FIG. 1 is a schematic diagram showing the configuration of a heating / cooling / pressurizing device for carrying out a method of manufacturing a compacted wooden board and a method of shaping a deformed wooden board according to an embodiment of the present invention. FIG. 2 is a flowchart showing a method of manufacturing a compacted wooden board and a method of shaping a deformed wooden board according to an embodiment of the present invention. FIG. 3 is a schematic diagram for explaining a manufacturing process of a compacted wooden board according to an embodiment of the present invention. 4A is a perspective view showing a deformed wood board, FIG. 4B is a perspective view showing a compacted wood board according to an embodiment of the present invention, and FIG. 4C is a perspective view showing a compacted wood board of a comparative example.

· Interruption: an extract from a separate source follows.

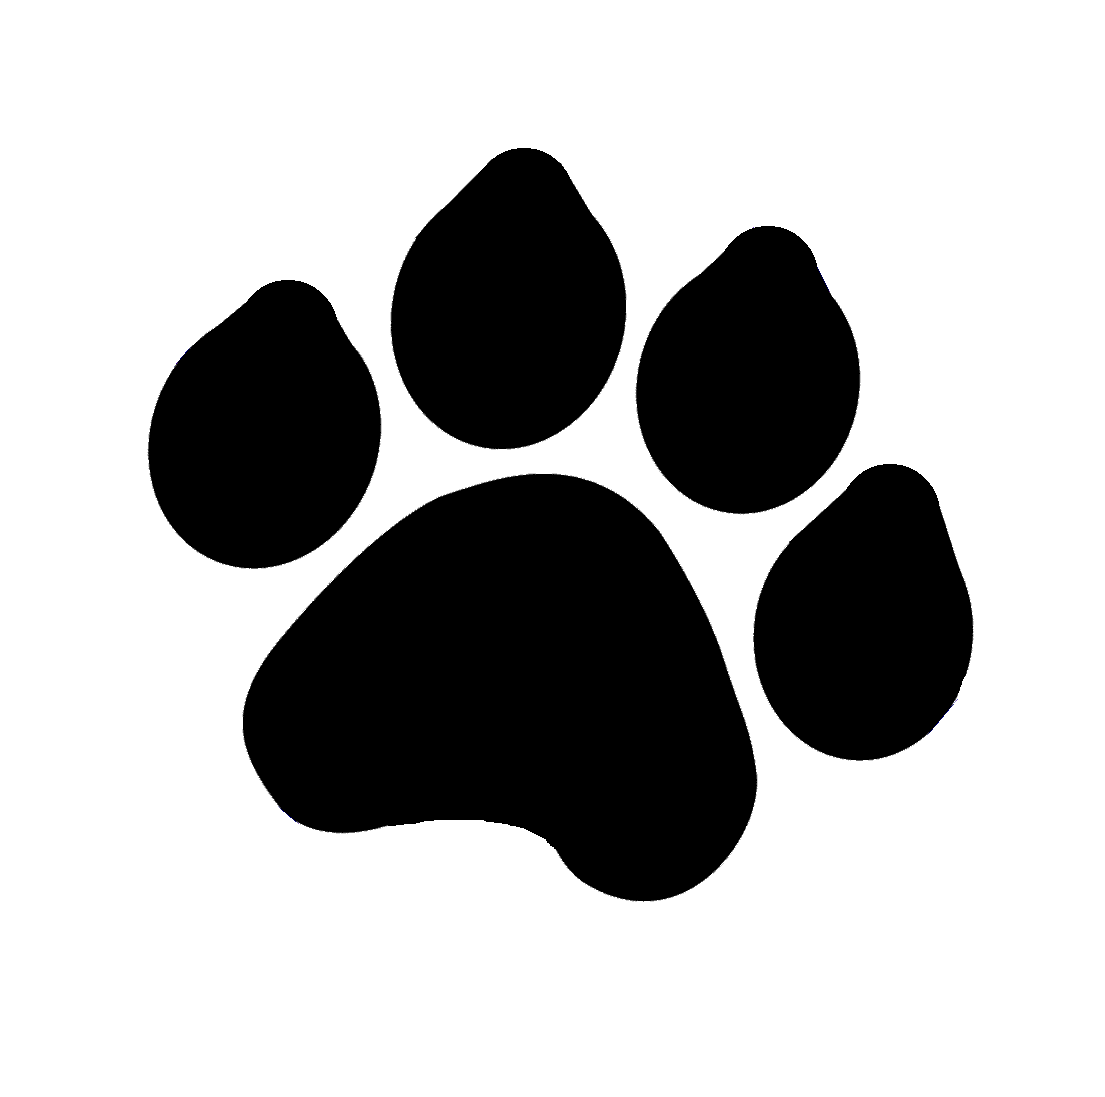 Grizzly Bear Paw Print Clipart.

 In carrying out the compacted wooden board and the manufacturing method thereof according to the present invention, it is necessary to cut wood into a wooden board having a thickness of 5 mm to 40 mm and to dry the wooden board to a moisture content of 10% to 30%. is there. As a method for cutting wood into a wooden board having a thickness within a range of 5 mm to 40 mm, a conventionally known lumbering method can be used. Moreover, as a method of drying the cut wood board within the range of moisture content of 10% to 30%, it is possible to use sun drying, and it is also possible to use a dryer such as a steam dryer.

 For domestic broad-leaved trees such as chestnuts and weasels, and Japanese conifers such as cedar, cypress, larch, and ryukyu pine, we cut them into a board with a thickness of 5mm to 40mm and dry them for several days. It is dried within a range of 10% to 30%. Moreover, the moisture content of a wooden board can be made into the more preferable range of 15%-20% by drying at 80 degreeC for 3 days-7 days within a steam dryer. Here, a high frequency moisture meter was used as a method for measuring the moisture content.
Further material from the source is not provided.